Lo rammento, nei suoi primi spettacoli televisivi (La domenica è un’altra cosa? No, ma il titolo era qualcosa di similare) nei tardi ’60, nel cabaret TV insieme a Gabriella Ferri e ad altri valenti colleghi, poi più di recente in film come La matassa, con Ficarra&Picone. Sempre intelligente e acuto osservatore della realtà.
Ma il Suo ricordo più marcato, a mio avviso, rimane una Sua attenta intervista all’indomani del Mundial ’82. In quella sede, Pino Caruso, disse (più o meno): “Bene: la nazionale italiana di calcio ha vinto il Campionato del Mondo; ma sarebbe bene che ognuno di noi vincesse il proprio Campionato del Mondo!” ILLUMINANTE! Quella sua considerazione era un coagulo di saggezza, profondità, storia, mito, cultura e psicologia. Con questa Sua dichiarazione colpì positivamente anche Marco Tardelli, uno degli “eroi” di quell’impresa calcistica, che giorni dopo commentò ammirato a sua volta tutto ciò.
R.I.P., amico Pino.
[Fabio, 8 marzo 2019]

Quando canzoni divengon emozioni

Nella seconda metà dei ’70, tra i cantori d’una Roma popolaresca, c’era pure Lui. Molti se lo ricorderanno per quell’Ammazzate oh, che faceva il matching con il “Tacci tua” del duo de I Frascati.
Questo brano invece – che intreccia tempi di valzer a tempi di marcetta e altro – è decisamente gustoso e melanconico, forse solo come le vere ispirazioni popolaresche sanno essere. A me, Luciano Rossi – da non confondersi col trasteverino e compianto Stefano Rossi in arte Rosso – rammenta effettivamente Roma. Ma non la Roma “canonica” o monumentale; bensì quella semiperiferica: la Roma “daa Casilina“, “der Prenestino“, “daaa Tiburtina“, oppure quella centrale odierna ma – come diceva Renzo Vespignani – racchiusa e serrata fra le splendide mura del Verano e dell’Università.
Insomma questo Amore bello – pure da non confondersi con quello precedente del Claudio romano – è, secondo me, davvero bello!!!

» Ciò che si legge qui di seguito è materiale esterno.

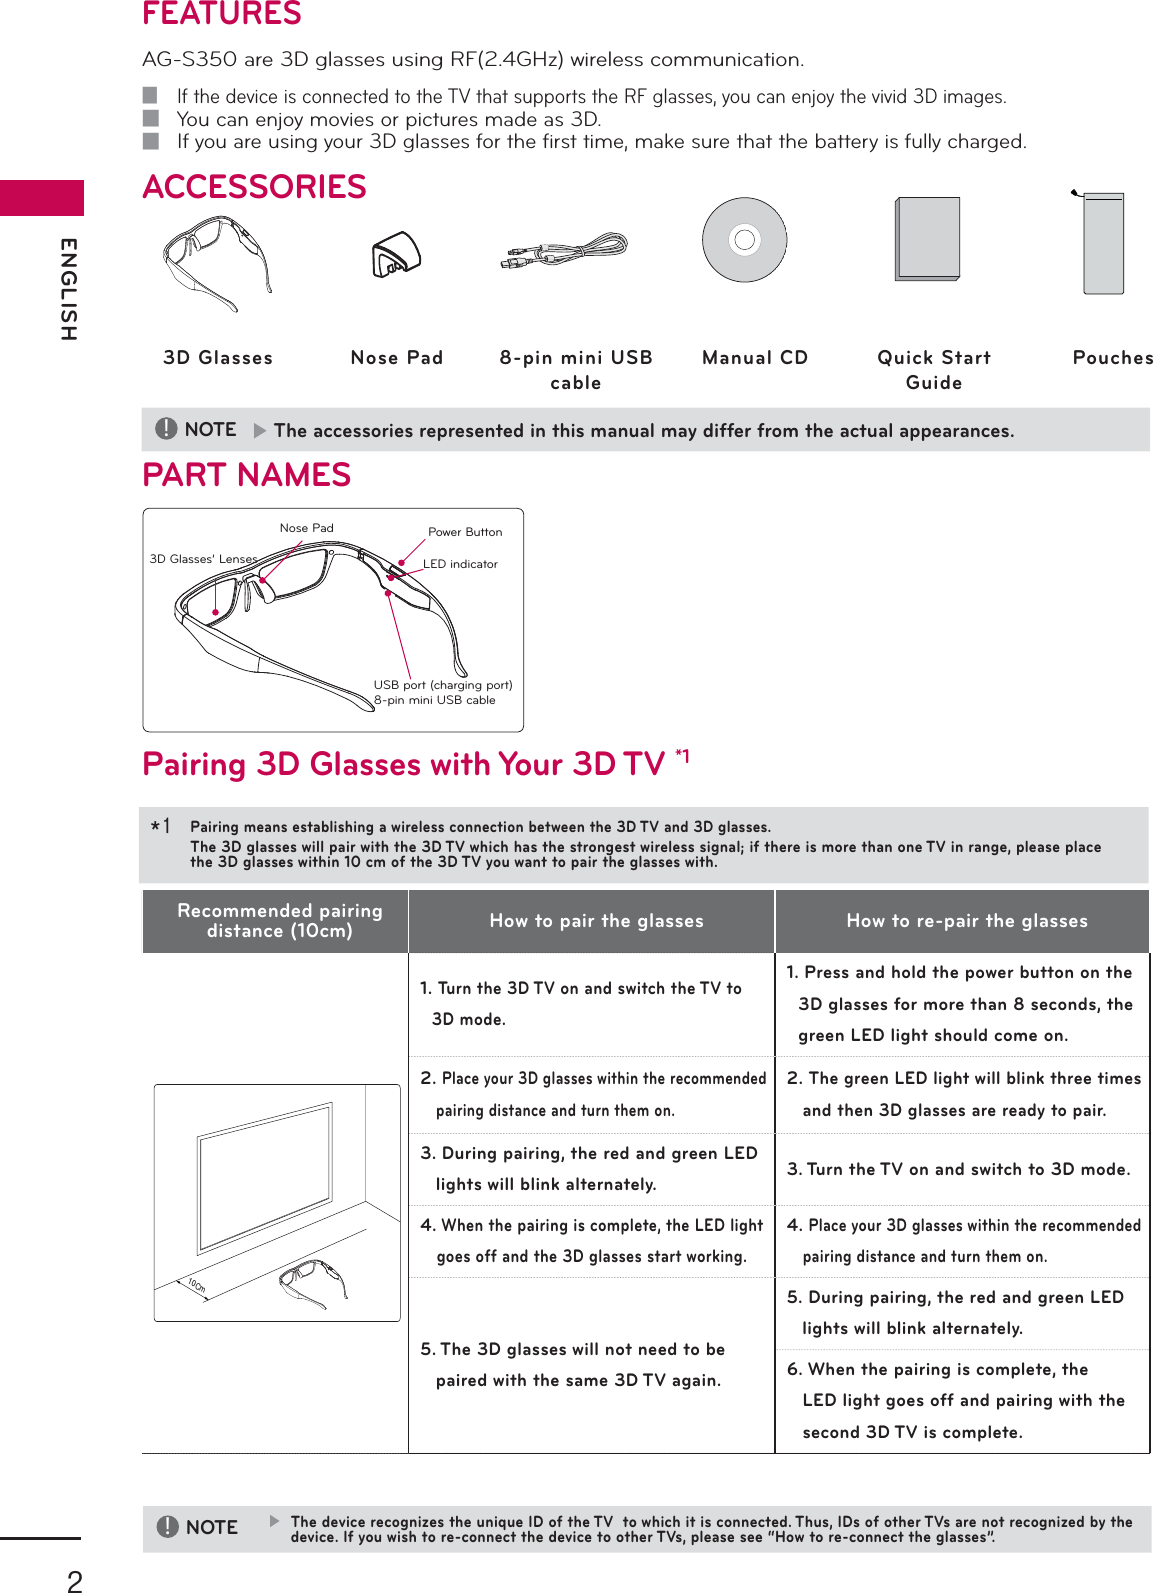 2ENGLISH!NOTE  ▶The accessories represented in this manual may differ from the actual appearances.3D Glasses Nose Pad 8-pin mini USBcableManual CD Quick Start GuidePouches3D Glasses’ LensesPower ButtonLED indicatorUSB port (charging port)8-pin mini USB cableFEATURES AG-S350 are 3D glasses using RF(2.4GHz) wireless communication. ■If the device is connected to the TV that supports the RF glasses, you can enjoy the vivid 3D images. ■You can enjoy movies or pictures made as 3D. ■If you are using your 3D glasses for the ﬁ rst time, make sure that the battery is fully charged.ACCESSORIESPART NAMESPairing 3D Glasses with Your 3D TV *1Recommended pairing distance (10cm) How to pair the glasses How to re-pair the glasses͢͡ʹΞ1.   Turn the 3D TV on and switch the TV to 3D mode.1.  Press and hold the power button on the 3D glasses for more than 8 seconds, the green LED light should come on.2.  Place your 3D glasses within the recommended pairing distance and turn them on.2.  The green LED light will blink three times and then 3D glasses are ready to pair.3.  During pairing, the red and green LED lights will blink alternately. 3.  Turn the TV on and switch to 3D mode.4.  When the pairing is complete, the LED light goes off and the 3D glasses start working.4.  Place your 3D glasses within the recommended pairing distance and turn them on.5.  The 3D glasses will not need to be paired with the same 3D TV again.5.  During pairing, the red and green LED lights will blink alternately.6.  When the pairing is complete, the LED light goes off and pairing with the second 3D TV is complete.Nose PadPairing means establishing a wireless connection between the 3D TV and 3D glasses.The 3D glasses will pair with the 3D TV which has the strongest wireless signal; if there is more than one TV in range, please place the 3D glasses within 10 cm of the 3D TV you want to pair the glasses with.*1 !NOTE ▶The device recognizes the unique ID of the TV  to which it is connected. Thus, IDs of other TVs are not recognized by the device. If you wish to re-connect the device to other TVs, please see “How to re-connect the glasses”.

“… Si quella bambina t’ha detto me spiace, un’artra domani te dice me piace me piace me piace quer modo strano che c’hai da dì a tutto er monno che ce stai solo Tu…” 😉

Amore bello di Luciano Rossi

Perché lo sai bene che Lei – come lo scoglio di Battisti e Mogol – davvero arginava il mare!

 

[Fabio, 08 febbraio 2019]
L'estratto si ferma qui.